Window functions are capable of more that the form in this example; however, this is sufficient to serve our purposes for this blog. Let’s break this down into its parts. You can read more about window functions in Snowflake’s documentation.

QUALIFY Clauses

Our second component is a QUALIFY clause. In simple terms, a QUALIFY clause allows you to filter on the results of a window function, in a similar way to how a WHERE clause allows you to filter on row-level values and a HAVING clause allows you to filter on aggregate values. You can read more about QUALIFY clauses in Snowflake’s documentation.

Leveraging Window Functions and QUALIFY Clauses for Data Deduplication

Now that we understand a bit more about window functions and QUALIFY clauses, we can leverage them to determine to support our deduplication efforts.

Identify Potential Duplicate Records for Each ID in the Table Based on the Created Date

First, we will cover how we can identify potential duplicates using a window function. By using the popular ROW_NUMBER() window function, with the ID as our partition and the created date as our ordering field, we can number our records based on how recent they are. The most recent record for each ID will have the number 1, with any earlier records numbered 2, 3, etc.

Consider the following query:

SELECT
    *
  , row_number() over (
      PARTITION BY id
      ORDER BY created_date desc
    ) as occurrence_id
FROM DEMO_DATA
ORDER BY
    id
  , occurrence_id
;

This outputs the following result:

As you can see, we have created a new field called OCCURRENCE_ID which identifies our potential duplicates as intended.

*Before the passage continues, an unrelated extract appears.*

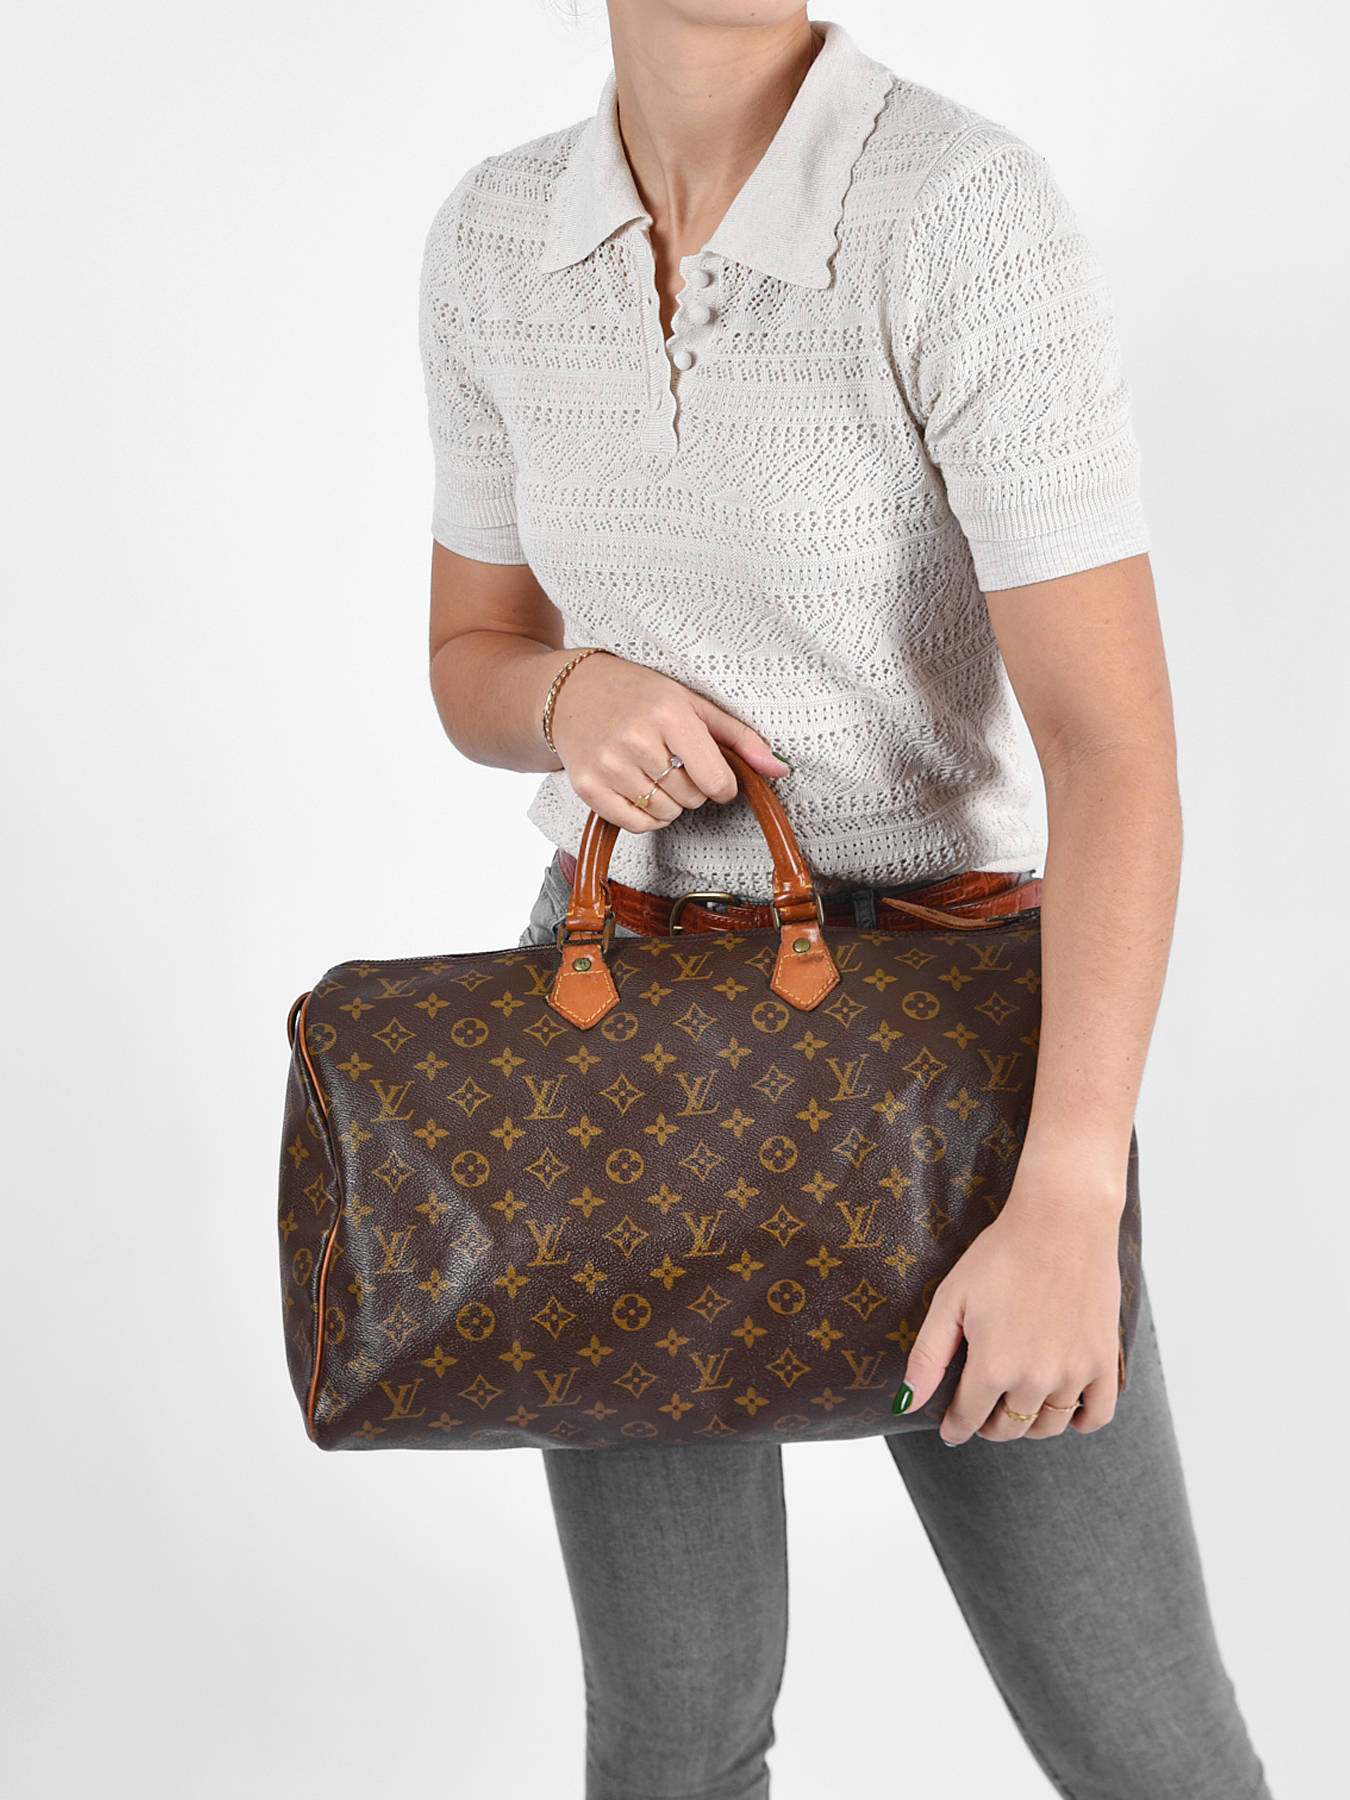 Buy PRE OWNED LOUIS VUITTON BAGS WALLETS AND ACCESSORIES Online
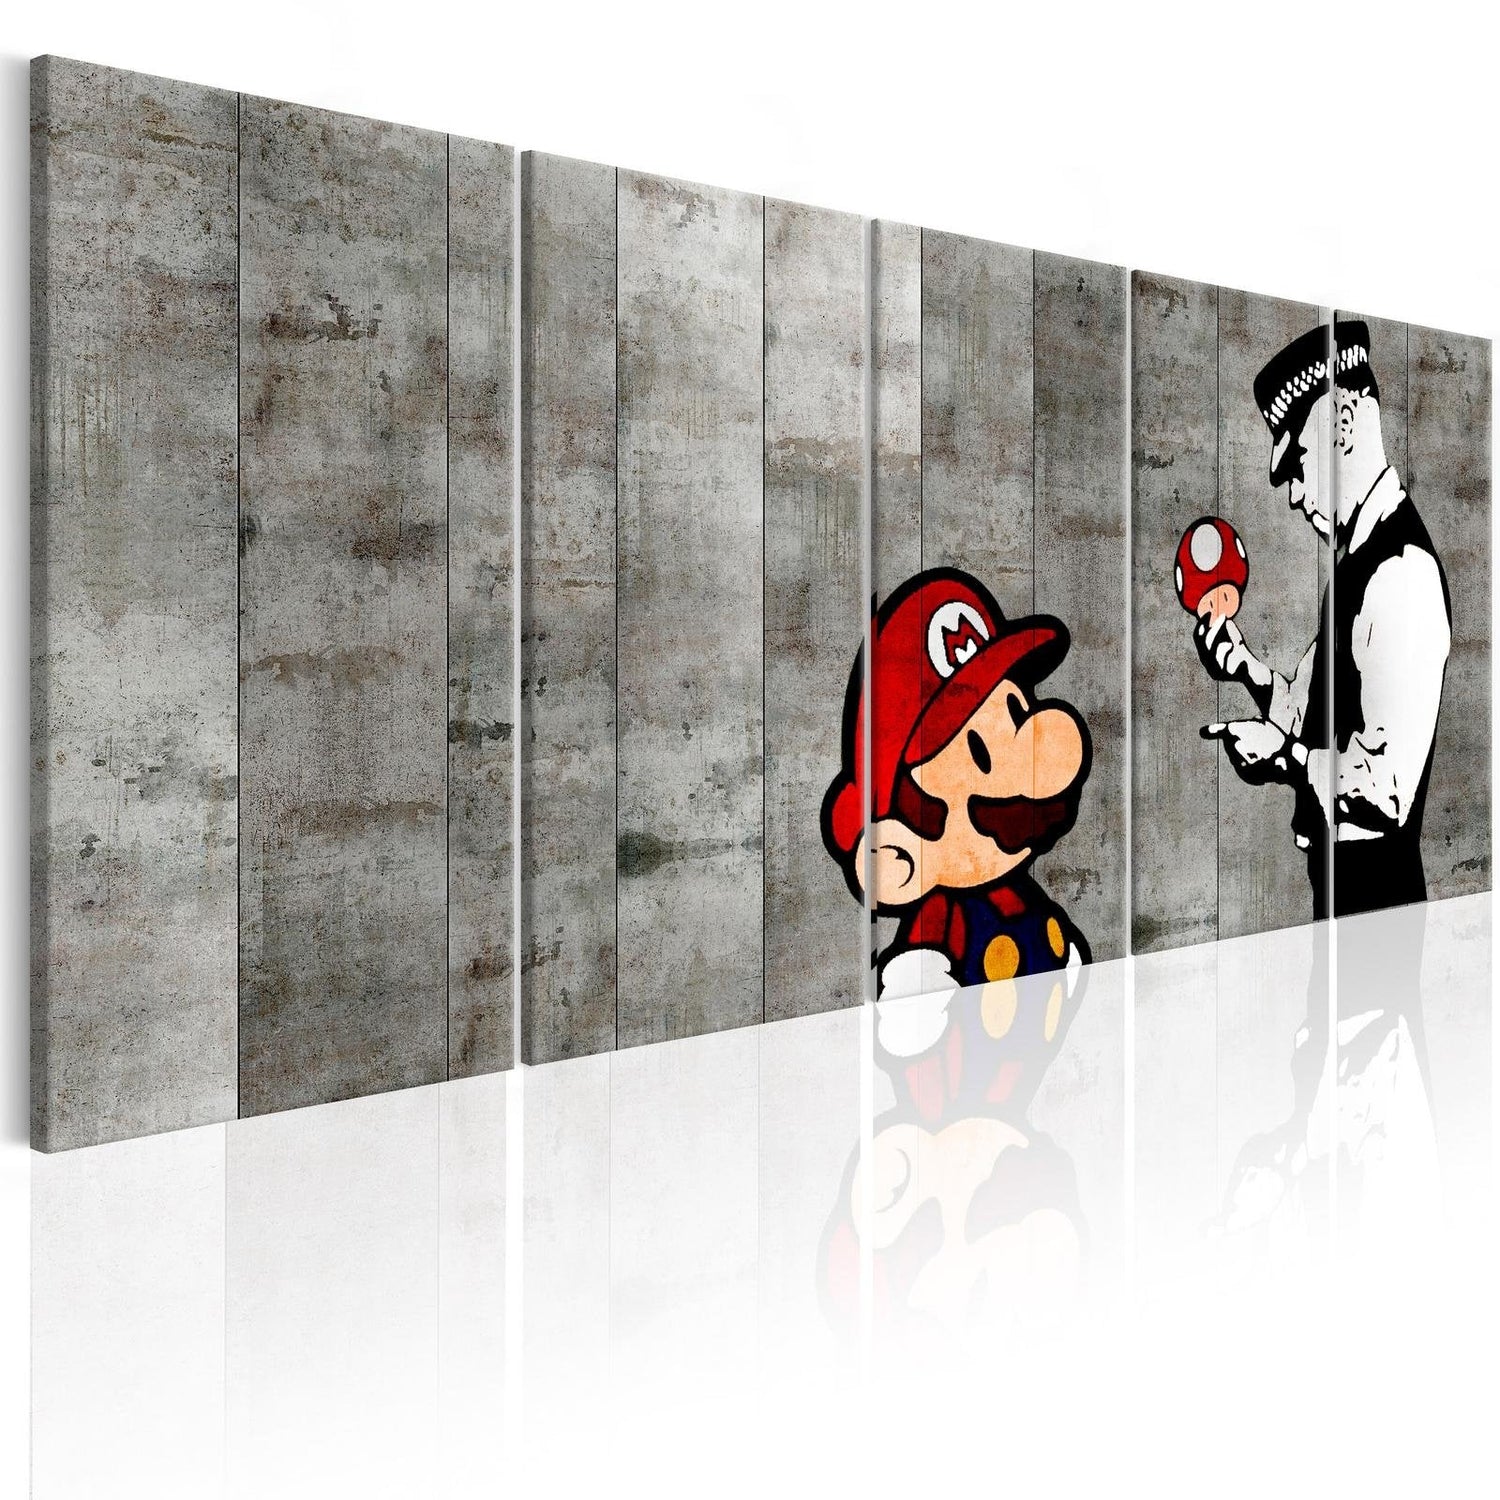 Stretched Canvas Street Art - Banksy: Mario On Concrete Wall 5 Piece-Tiptophomedecor

Identify the Latest Record for Each ID in the Table Based on the Created Date

Now that we now how to construct our OCCURRENCE_ID ,which identifies potential duplicates, we can filter on it using a QUALIFY clause. By filtering for the value 1, we ensure we only retrieve values which are the most recent entry for each ID.

SELECT
    *
  , row_number() over (
      PARTITION BY id
      ORDER BY created_date desc
    ) as occurrence_id
FROM DEMO_DATA
QUALIFY occurrence_id = 1
ORDER BY 
    id
  , occurrence_id
;

This outputs the following result:

This is powerful on its own; however, the OCCURRENCE_ID field in the output is now a bit useless as we know it will always have the value 1. We could build a nested query to perform the same functionality without selecting this field in the final output; however, it is easier to execute the QUALIFY clause on the window function directly instead of creating it under SELECT first:

SELECT *
FROM DEMO_DATA
QUALIFY row_number() over (
    PARTITION BY id
    ORDER BY created_date desc
) = 1
ORDER BY id
;

This outputs the following result:

And so we have built a query which selects only the most recent records in our table based on the ID and the created date. This is already useful functionality, and yet the blog still continues for a few more sections. Indeed, it is useful to be able to quickly deduplicate to retrieve the “desired” records as we have done here; however, it can be equally useful to select the duplicates themselves and to perform various actions to them.

Identify All Undesired Duplicate Records in the Table That Are Not the Latest Record for the ID

Before we can perform any action on our undesired duplicate records, we first must be able to identify them. For this, we change our QUALIFY clause slightly to return any value greater than 1. As the value 1 represents a desired value (i.e. the most recent record for that ID), by filtering to values greater than 1 we are filtering for any record that is not the most recent record for that ID.

SELECT
    *
FROM DEMO_DATA
QUALIFY row_number() over (
    PARTITION BY id
    ORDER BY created_date desc
) > 1
ORDER BY id
;

This outputs the following result:

It is not immediately clear that these are only the duplicates. If you look at the original demo data at the start of this post and compare it with this result, you will notice that there used to be a record where the ID is 5 and the created date is 2020-03-29. This latest query, however, has only returned the value for 2020-09-02, which we would consider an undesired duplicate.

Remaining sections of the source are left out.